Cunhado há mais de 15 anos, o termo "world music" passou gradualmente do gueto que ocupava no mercado fonográfico às largas prateleiras das grandes lojas européias. Na salada oferecida, encontra-se desde o mais espalhafatoso "axé versão para gringo ver" até as mais apuradas novidades do mercado musical. Se especialistas sabem onde encontrar seus nichos, para os leigos pode ser uma tarefa árdua separar o joio do trigo.

Fast food do "exótico"?

Em uma série de palestras e encontros durante a Womex em Sevilha este ano (22 a 26/10), músicos, compositores, produtores, agentes, representantes de selos e jornalistas discutiram os destinos e as contradições que caracterizam o que se convencionou chamar na Europa e nos EUA de "músicas do mundo". Uma das propostas dos organizadores foi questionar se o mercado de "world music" acaba funcionando como uma espécie de McDonald's do exótico, homogeneizando em um único caldeirão gêneros e formas musicais que não possuem qualquer signo comum.

Estaria a comercialização cada vez maior da música de países pobres – disfarçados com a etiqueta "em desenvolvimento" – servindo apenas de alimento para um consumidor europeu ou norte-americano ávido por diversão? Mixar a tradição com o moderno, oriente e ocidente, matéria-prima "arcaica" com roupagem high tech viabiliza realmente uma sociedade "global" multicultural?

Direitos autorais em questão

Quais são os efeitos reais da busca pelo "exótico" empenhada por jovens europeus classe média, que enchem os clubes das grandes cidades a cada show de uma banda senegalesa, indiana ou brasileira? E como é possível trilhar o caminho inverso, pagando devidamente os direitos autorais de compositores africanos – cujas obras são executadas à exaustão em rádios européias – mesmo quando estes não dispõem de nenhuma forma organizada de recolher o que lhes é devido?

Se as perguntas são infindáveis, as respostas e soluções são poucas. Relegados a último plano pelas grandes gravadoras e espremidos em um mercado extremamente competitivo, os selos independentes latino-americanos, por exemplo, são uma das principais vítimas da crise por que passa a indústria fonográfica, observa o alemão Matthias Möbius, do selo Danza e Movimiento, de Hamburgo.

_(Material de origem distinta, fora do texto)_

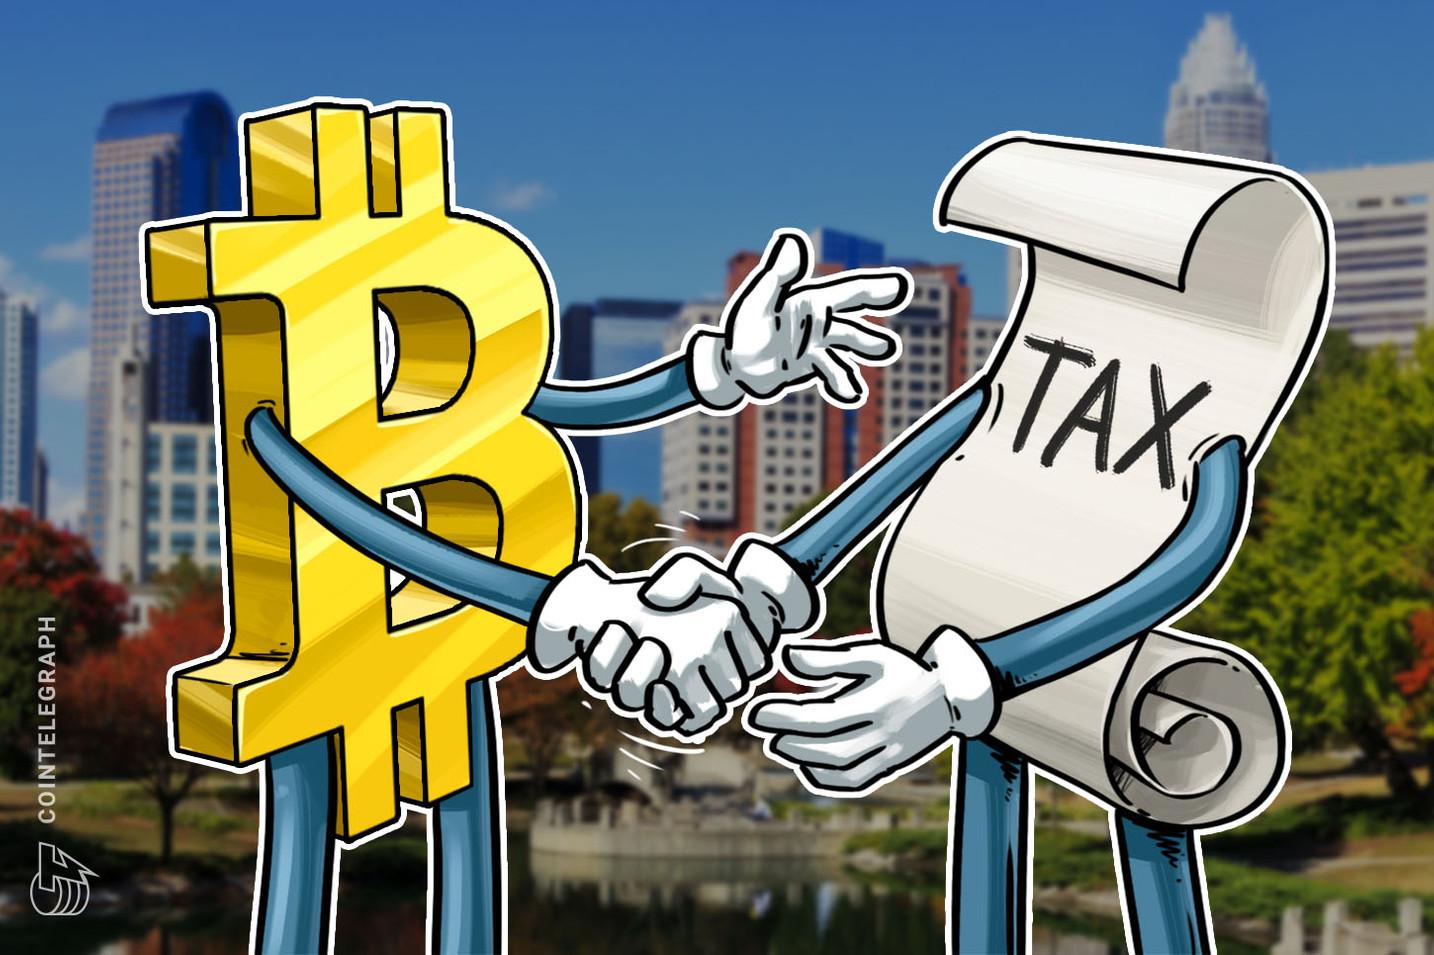 Projeto de lei sobre criptomoedas introduzido na Câmara dos Representantes dos EUA

A primeira dificuldade para quem vem de fora e quer fincar os pés no mercado europeu é entender as regras do jogo. "Não existe na Europa um mercado único de distribuição e é impossível colocar um produto à venda em toda a Europa. Uma porta de entrada são os nichos de tango ou salsa, por exemplo, mas aí as pessoas muitas vezes nem sabem o que estão ouvindo. É uma chance de entrar no mercado como um desconhecido. O boom Buena Vista (Buena Vista Social Club, tema do documentário de Wim Wenders, que se tornou um enorme sucesso de vendas) fez muita gente pensar que haveria uma explosão de música latina, mas aconteceu o contrário. Surgiram muitas compilações, feitas por pessoas que não têm o menor conhecimento sobre este tipo de música", resume Möbius. Outro problema que assola com freqüência músicos vindos da América Latina é perceber que aquilo que "faz sucesso" nos países de origem nem sempre é bem recebido no exterior. Ou seja, continua valendo a regra de maquiar o produto de casa para vender lá fora?

Comércio politicamente correto

Pelo sim, pelo não, estar presente na enorme bolsa de trocas que é a Womex traz bons frutos, como ressalta Paulo André Pires – um freqüentador assíduo da feira em todas suas edições. Para o divulgador dos trabalhos de Nação Zumbi, Otto e DJ Dolores – os pernambucanos que sacudiram o público em seus shows durante a feira em Sevilha – poder mostrar aos especialistas de todo o mundo nomes ainda desconhecidos do grande público (inclusive do brasileiro), pode ser essencial.

Com a avalanche de perguntas deixadas em aberto, o já estabelecido mercado de músicas do mundo continua, contudo, funcionando como qualquer outro. E neste contexto, a Womex cumpre seu papel de feira: fomenta a compra e venda, maquia e oferece o produto, promove o artista, reúne interessados e divulga para a mídia.

Mesmo que o discurso politicamente correto permaneça pairando como máxima, como dita o catálogo do evento: "As tradições musicais não são menos valiosas que florestas virgens, espécies em extinção ou patrimônio histórico. Elas são necessárias para preservar linguagens e culturas sob a égide da globalização". Certamente.